The triangles method uses a 45-45-90. From the top angle drop a line down to the base leg. The left side is 5 and the other is x. The side in common is h, the maximum height. Since this is a 45-45-90, the 5+x side is equal to the h. There is enough variables equal to each other that the angle in the x-h triangle can be found to be 49 degrees.

However, change it to using the x=vt equation and things change. Since we are giving the projectile the extra x-velocity I wrote the velocity in the x-direction to be:

vx= vtruck+vcos(theta) v=the velocity of the projectile

x=(vtruck+vcos(theta)t

I want to do a derivative on theta and find the zero to get the max distance. So I need to get rid of t.

t is found using vf=vi+at. All of this in the y-direction

t=2vsin(theta)/g again v is projectile velocity

So after some substitutions, cleaning up, taking a derivative and getting a sin^2 and a cos^2, I found an equation with thetas hard to pull out.

I put the equation into excel and forced angles into the equation until my derivative equation hit zero, therefore, showing me the angle that creates the maximum distance.

This method gives 46.9 as theta.

I hope this clears up what I was asking. Thank you for your time.

Stephen
 
esmikell said:
The triangles method uses a 45-45-90. From the top angle drop a line down to the base leg. The left side is 5 and the other is x. The side in common is h, the maximum height. Since this is a 45-45-90, the 5+x side is equal to the h. There is enough variables equal to each other that the angle in the x-h triangle can be found to be 49 degrees.
Since the trajectory of the cannonball is not a triangle, this method doesn't make any sense to me.
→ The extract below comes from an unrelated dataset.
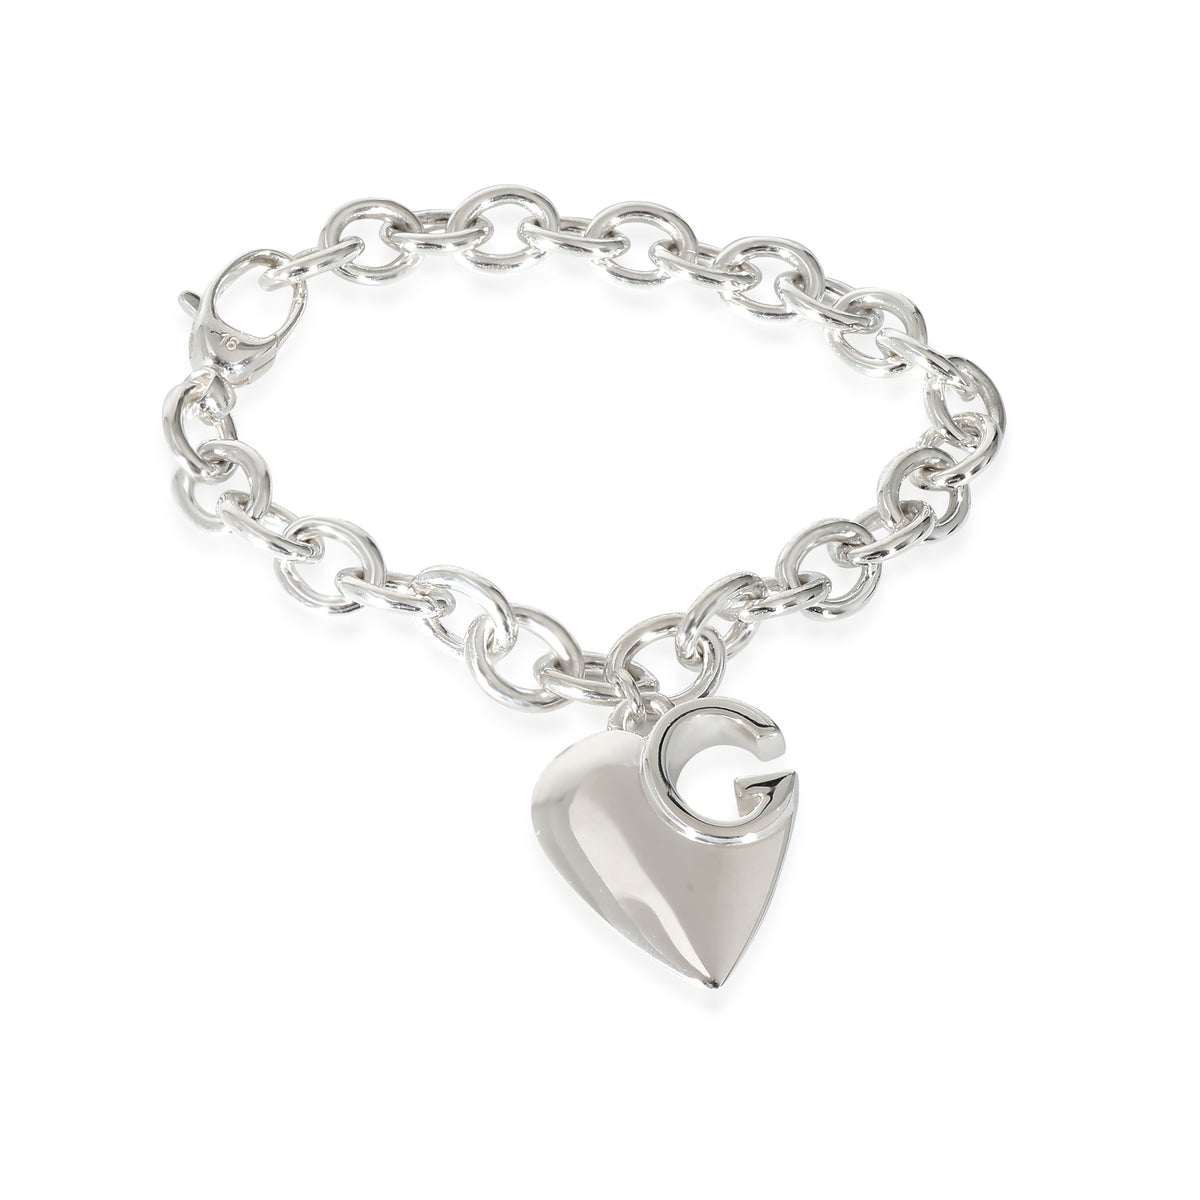 GG Cutout Heart Charm Bracelet in Sterling Silver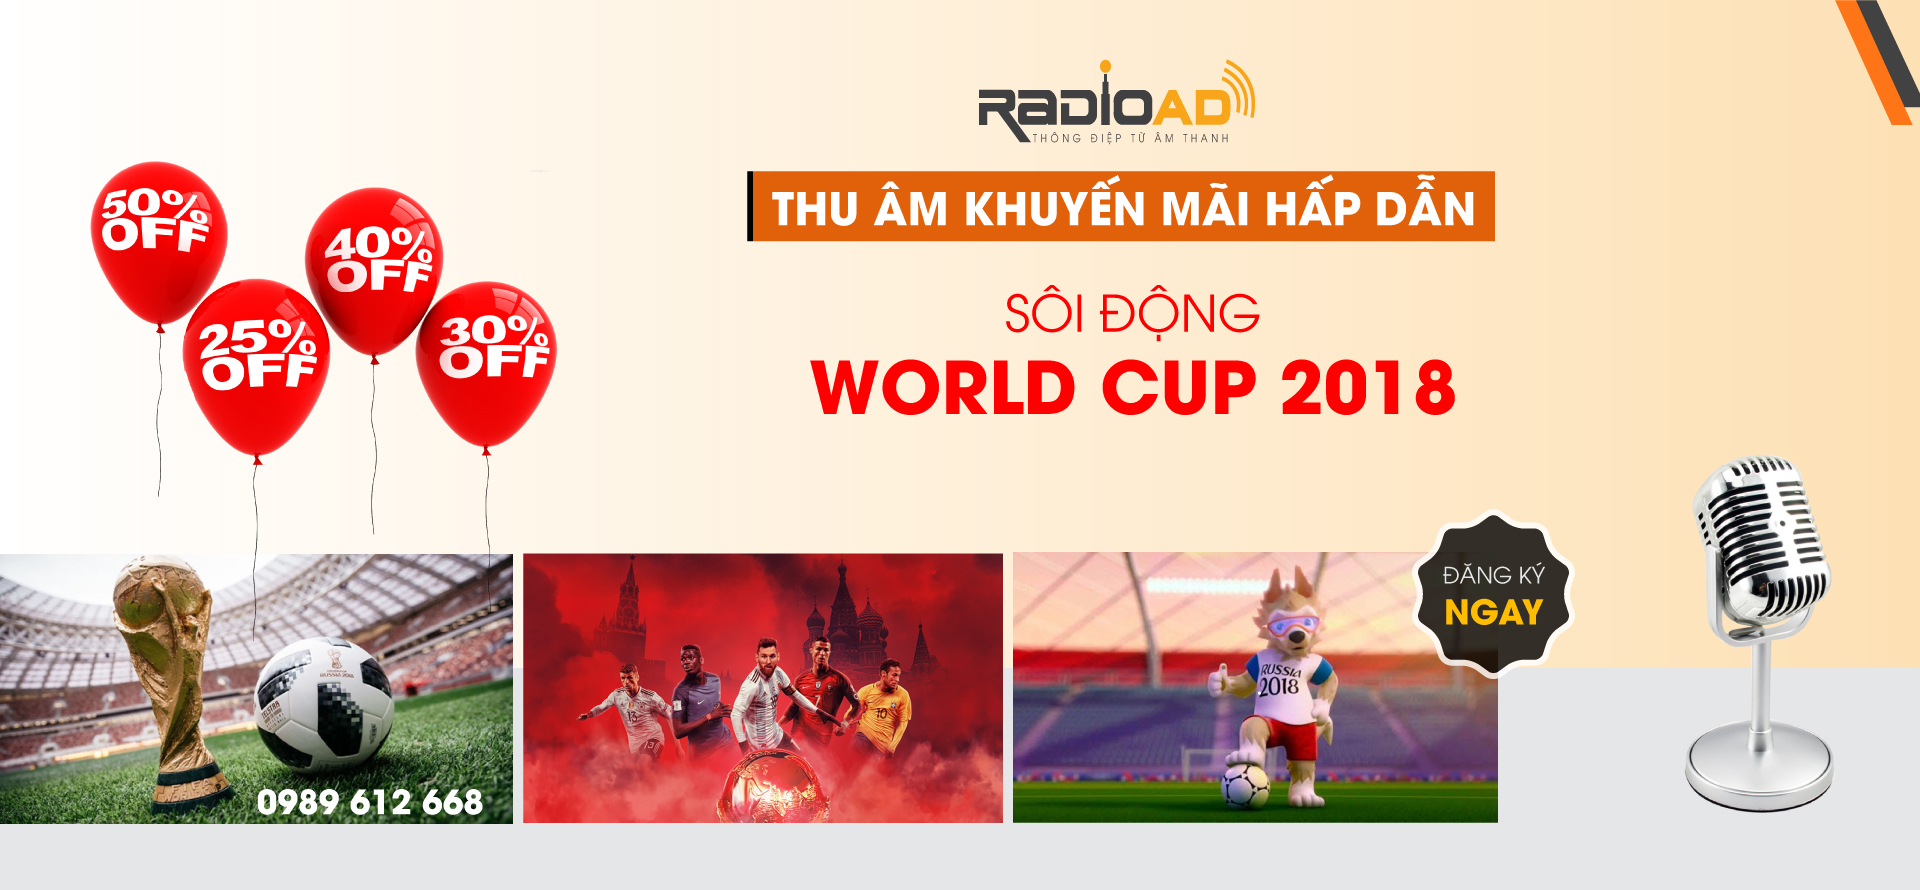 Thu âm khuyến mãi hấp dẫn “Sôi động World Cup 2018”

However, change it to using the x=vt equation and things change. Since we are giving the projectile the extra x-velocity I wrote the velocity in the x-direction to be:

vx= vtruck+vcos(theta) v=the velocity of the projectile

x=(vtruck+vcos(theta)t

I want to do a derivative on theta and find the zero to get the max distance. So I need to get rid of t.

t is found using vf=vi+at. All of this in the y-direction

t=2vsin(theta)/g again v is projectile velocity

So after some substitutions, cleaning up, taking a derivative and getting a sin^2 and a cos^2, I found an equation with thetas hard to pull out.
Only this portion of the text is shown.